WHAT TO PRODUCE:
Set down, please, without alteration, the lines of the entries below from the first through the one containing "خرید و قیمت".

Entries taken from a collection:
━━━━

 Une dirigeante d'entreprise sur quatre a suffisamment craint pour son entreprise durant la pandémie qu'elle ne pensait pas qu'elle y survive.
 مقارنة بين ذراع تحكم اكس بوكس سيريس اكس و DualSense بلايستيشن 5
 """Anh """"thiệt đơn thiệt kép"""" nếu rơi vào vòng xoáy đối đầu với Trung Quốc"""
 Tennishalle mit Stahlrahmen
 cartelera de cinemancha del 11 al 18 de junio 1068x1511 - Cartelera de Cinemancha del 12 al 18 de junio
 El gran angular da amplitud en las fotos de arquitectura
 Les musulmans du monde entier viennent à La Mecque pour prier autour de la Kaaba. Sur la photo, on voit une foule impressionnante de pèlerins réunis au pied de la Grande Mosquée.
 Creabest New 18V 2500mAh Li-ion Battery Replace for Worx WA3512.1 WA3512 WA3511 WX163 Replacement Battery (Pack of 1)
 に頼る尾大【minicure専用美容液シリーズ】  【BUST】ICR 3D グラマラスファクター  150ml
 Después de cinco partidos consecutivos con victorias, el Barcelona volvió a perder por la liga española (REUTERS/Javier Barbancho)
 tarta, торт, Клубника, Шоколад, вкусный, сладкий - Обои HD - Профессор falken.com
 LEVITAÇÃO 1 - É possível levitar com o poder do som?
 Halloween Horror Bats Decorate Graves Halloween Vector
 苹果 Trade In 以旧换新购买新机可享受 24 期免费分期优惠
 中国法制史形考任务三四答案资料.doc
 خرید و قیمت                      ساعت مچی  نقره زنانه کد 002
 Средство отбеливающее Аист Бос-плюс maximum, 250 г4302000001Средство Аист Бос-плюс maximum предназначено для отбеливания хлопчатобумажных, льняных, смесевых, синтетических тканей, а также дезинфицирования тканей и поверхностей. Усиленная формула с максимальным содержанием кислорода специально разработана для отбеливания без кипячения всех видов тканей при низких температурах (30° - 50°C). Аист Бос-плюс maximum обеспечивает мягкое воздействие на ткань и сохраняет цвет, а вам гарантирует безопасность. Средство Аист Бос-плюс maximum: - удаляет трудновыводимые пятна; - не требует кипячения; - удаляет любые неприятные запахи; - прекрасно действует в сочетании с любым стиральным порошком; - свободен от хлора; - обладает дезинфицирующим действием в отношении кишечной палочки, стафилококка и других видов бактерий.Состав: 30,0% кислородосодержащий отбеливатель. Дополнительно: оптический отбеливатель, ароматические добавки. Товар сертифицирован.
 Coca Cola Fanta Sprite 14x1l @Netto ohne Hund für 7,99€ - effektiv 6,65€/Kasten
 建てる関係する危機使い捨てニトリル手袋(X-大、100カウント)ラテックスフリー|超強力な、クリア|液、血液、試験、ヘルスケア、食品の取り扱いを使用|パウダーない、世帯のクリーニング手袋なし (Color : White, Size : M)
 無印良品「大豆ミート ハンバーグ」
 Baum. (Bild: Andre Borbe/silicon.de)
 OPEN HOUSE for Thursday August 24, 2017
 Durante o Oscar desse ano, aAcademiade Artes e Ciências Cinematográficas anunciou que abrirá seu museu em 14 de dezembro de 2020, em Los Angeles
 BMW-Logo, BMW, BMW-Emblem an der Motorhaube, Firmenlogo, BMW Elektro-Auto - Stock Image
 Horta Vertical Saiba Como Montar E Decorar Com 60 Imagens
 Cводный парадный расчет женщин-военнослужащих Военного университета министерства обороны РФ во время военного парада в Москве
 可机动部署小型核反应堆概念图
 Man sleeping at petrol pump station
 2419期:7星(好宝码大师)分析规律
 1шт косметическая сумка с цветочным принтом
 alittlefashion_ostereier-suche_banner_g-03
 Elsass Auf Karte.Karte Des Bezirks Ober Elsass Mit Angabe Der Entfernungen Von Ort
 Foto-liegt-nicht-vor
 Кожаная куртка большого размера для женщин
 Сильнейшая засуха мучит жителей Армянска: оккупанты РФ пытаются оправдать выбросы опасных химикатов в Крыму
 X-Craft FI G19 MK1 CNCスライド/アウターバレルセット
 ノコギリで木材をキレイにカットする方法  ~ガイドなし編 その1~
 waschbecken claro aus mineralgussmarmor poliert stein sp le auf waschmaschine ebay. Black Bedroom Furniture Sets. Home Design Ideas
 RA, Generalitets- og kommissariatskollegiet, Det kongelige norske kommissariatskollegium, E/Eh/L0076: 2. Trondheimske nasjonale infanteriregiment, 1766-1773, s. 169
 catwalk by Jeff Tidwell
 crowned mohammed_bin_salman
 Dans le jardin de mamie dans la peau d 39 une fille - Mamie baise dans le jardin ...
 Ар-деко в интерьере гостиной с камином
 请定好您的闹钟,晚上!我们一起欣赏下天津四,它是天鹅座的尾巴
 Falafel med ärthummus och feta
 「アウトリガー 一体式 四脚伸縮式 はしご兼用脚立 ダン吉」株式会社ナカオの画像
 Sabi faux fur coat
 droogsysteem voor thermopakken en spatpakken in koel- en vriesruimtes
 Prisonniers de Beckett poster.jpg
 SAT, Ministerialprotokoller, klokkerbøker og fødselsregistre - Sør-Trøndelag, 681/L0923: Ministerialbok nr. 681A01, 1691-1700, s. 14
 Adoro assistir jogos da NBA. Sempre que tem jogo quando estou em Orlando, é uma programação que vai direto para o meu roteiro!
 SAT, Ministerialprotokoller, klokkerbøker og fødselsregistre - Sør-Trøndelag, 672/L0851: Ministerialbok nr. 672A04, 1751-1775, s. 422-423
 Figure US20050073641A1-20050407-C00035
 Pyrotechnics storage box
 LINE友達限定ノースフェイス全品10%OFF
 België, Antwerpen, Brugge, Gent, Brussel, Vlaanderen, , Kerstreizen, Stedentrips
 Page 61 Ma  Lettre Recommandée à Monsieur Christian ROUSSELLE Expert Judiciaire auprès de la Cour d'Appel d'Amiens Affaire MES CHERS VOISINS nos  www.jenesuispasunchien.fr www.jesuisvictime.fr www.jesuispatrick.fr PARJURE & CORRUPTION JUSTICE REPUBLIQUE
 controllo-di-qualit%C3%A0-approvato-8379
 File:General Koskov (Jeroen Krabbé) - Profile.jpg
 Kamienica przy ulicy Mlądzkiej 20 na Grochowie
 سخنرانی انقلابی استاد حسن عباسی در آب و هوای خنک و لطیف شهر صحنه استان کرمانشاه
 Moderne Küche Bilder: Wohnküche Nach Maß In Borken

━━━━

TASK SOLUTION:
 Une dirigeante d'entreprise sur quatre a suffisamment craint pour son entreprise durant la pandémie qu'elle ne pensait pas qu'elle y survive.
 مقارنة بين ذراع تحكم اكس بوكس سيريس اكس و DualSense بلايستيشن 5
 """Anh """"thiệt đơn thiệt kép"""" nếu rơi vào vòng xoáy đối đầu với Trung Quốc"""
 Tennishalle mit Stahlrahmen
 cartelera de cinemancha del 11 al 18 de junio 1068x1511 - Cartelera de Cinemancha del 12 al 18 de junio
 El gran angular da amplitud en las fotos de arquitectura
 Les musulmans du monde entier viennent à La Mecque pour prier autour de la Kaaba. Sur la photo, on voit une foule impressionnante de pèlerins réunis au pied de la Grande Mosquée.
 Creabest New 18V 2500mAh Li-ion Battery Replace for Worx WA3512.1 WA3512 WA3511 WX163 Replacement Battery (Pack of 1)
 に頼る尾大【minicure専用美容液シリーズ】  【BUST】ICR 3D グラマラスファクター  150ml
 Después de cinco partidos consecutivos con victorias, el Barcelona volvió a perder por la liga española (REUTERS/Javier Barbancho)
 tarta, торт, Клубника, Шоколад, вкусный, сладкий - Обои HD - Профессор falken.com
 LEVITAÇÃO 1 - É possível levitar com o poder do som?
 Halloween Horror Bats Decorate Graves Halloween Vector
 苹果 Trade In 以旧换新购买新机可享受 24 期免费分期优惠
 中国法制史形考任务三四答案资料.doc
 خرید و قیمت                      ساعت مچی  نقره زنانه کد 002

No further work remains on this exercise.